I need to revise my 3D printing ≠ digital reproduction post, which at the time was meant to balance some optimism surrounding 3D printing. This revision prompted by reading this old opinion piece on why the internet will never be awesome. The piece reads like a point by point outline of every major web 2.0 company to emerge in the past decade. In other words, by spelling out the limitations of the current technology, we actually create the list of business opportunities that can bring the technology to maturity.

So, my complaints about 3D printing are more of a bulleted list on the remaining barriers to the world of free plastic parts for all. The technical challenges are far from insurmountable. Printers like the "Up!" and BFB-3k* printer are already marketed as being almost plug-and-play, and MakerBot is making steady progress toward this goal.

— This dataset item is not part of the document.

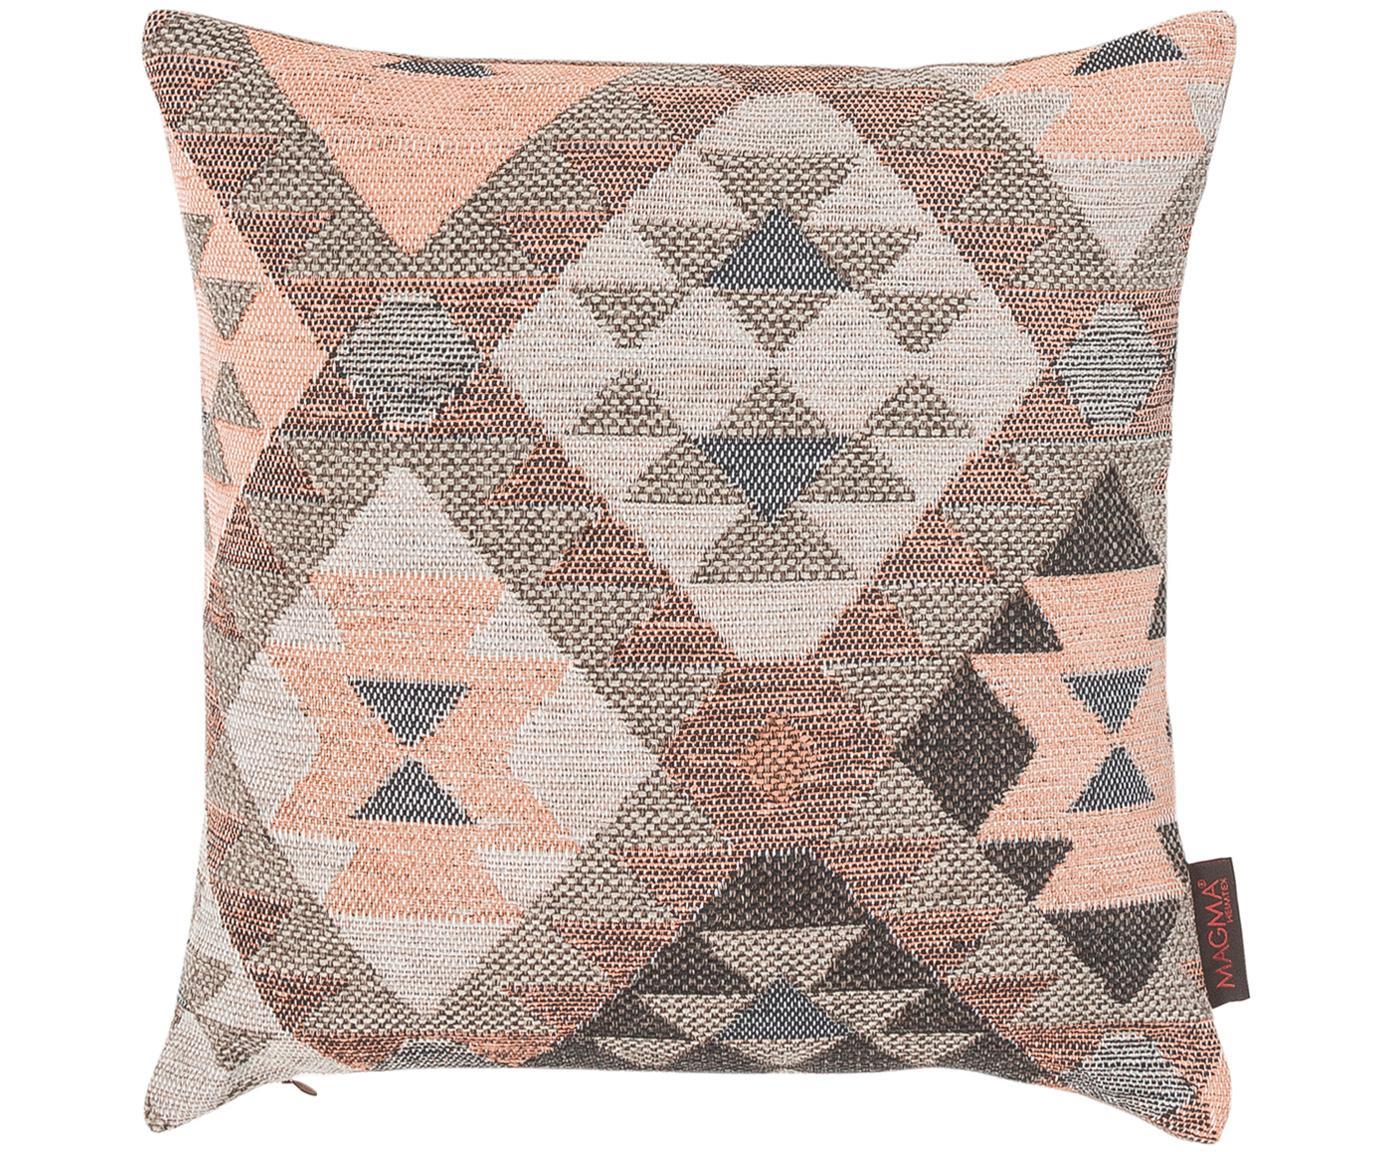 Kussenhoes Lima, Voorzijde: bruin, grijs, roze. Achterzijde: bruin, 40 x 40 cm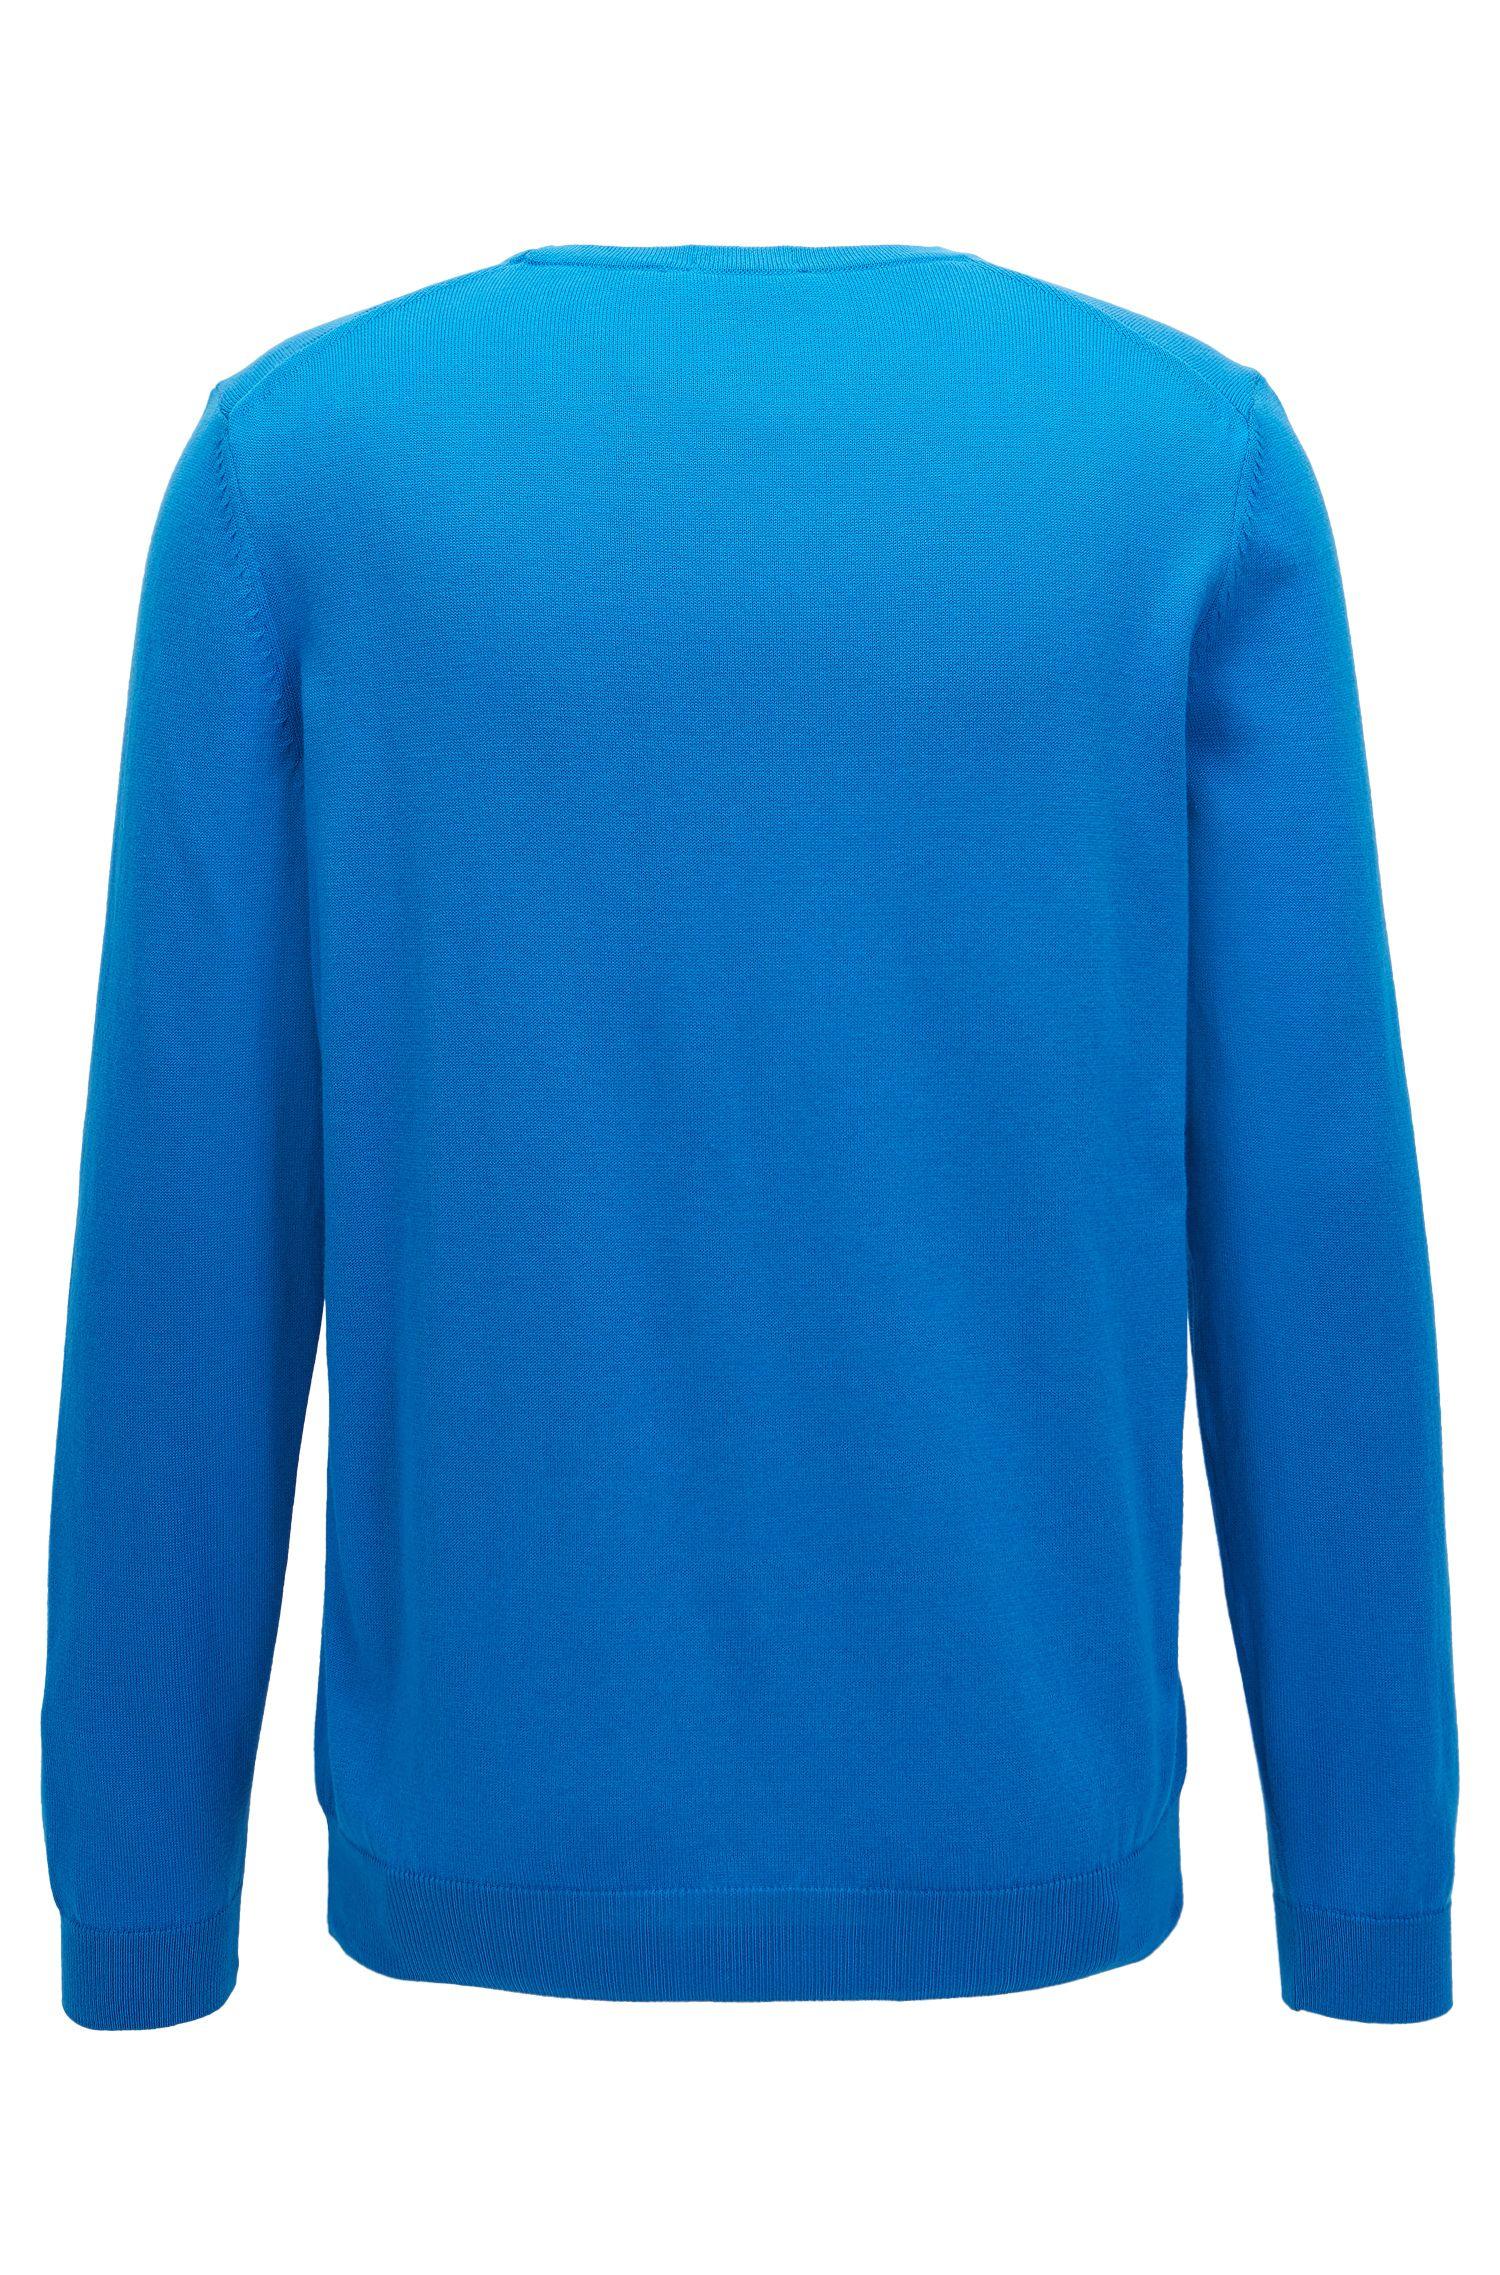 Pull à col ras-du-cou en coton avec logo brodé, Bleu

Here is a quick off the top of my head idea of what it takes to make a consumer-ready 3D printer :

  • pre-assembled, compact design.
  • no open or exposed stages: think microwave oven
  • reproducible design so that one calibration file works for the entire line
  • proper, reliable stage ( so that the machine can zero itself with 100% reliability )
  • streamlined control hardware ( MakerBot doesn't need all of the RepRap circuitry, cutting out the extra components will simplify construction and reduce cost )
  • enclosed electronics
  • easy to use GUI for printing objects
  • critical mass of applications
In other words, the difference between MakerBot and professional printers is maybe a year's worth of focused engineering to make the existing design highly reliable and low cost. We could have in-home easy 3D printing within a couple years, assuming production of such a device would be profitable. But, the nice thing about MakerBots is they are open source and so don't suffer from some of the backwards incentives of closed-source products. Just think of MakerBot ( at least the older Cupcake models ) as the Altair 8800 of 3D printing : basic, taking weeks or months to build yourself, and nothing works reliably. Hopefully the 3D printer analogue to the Macintosh will surface soon.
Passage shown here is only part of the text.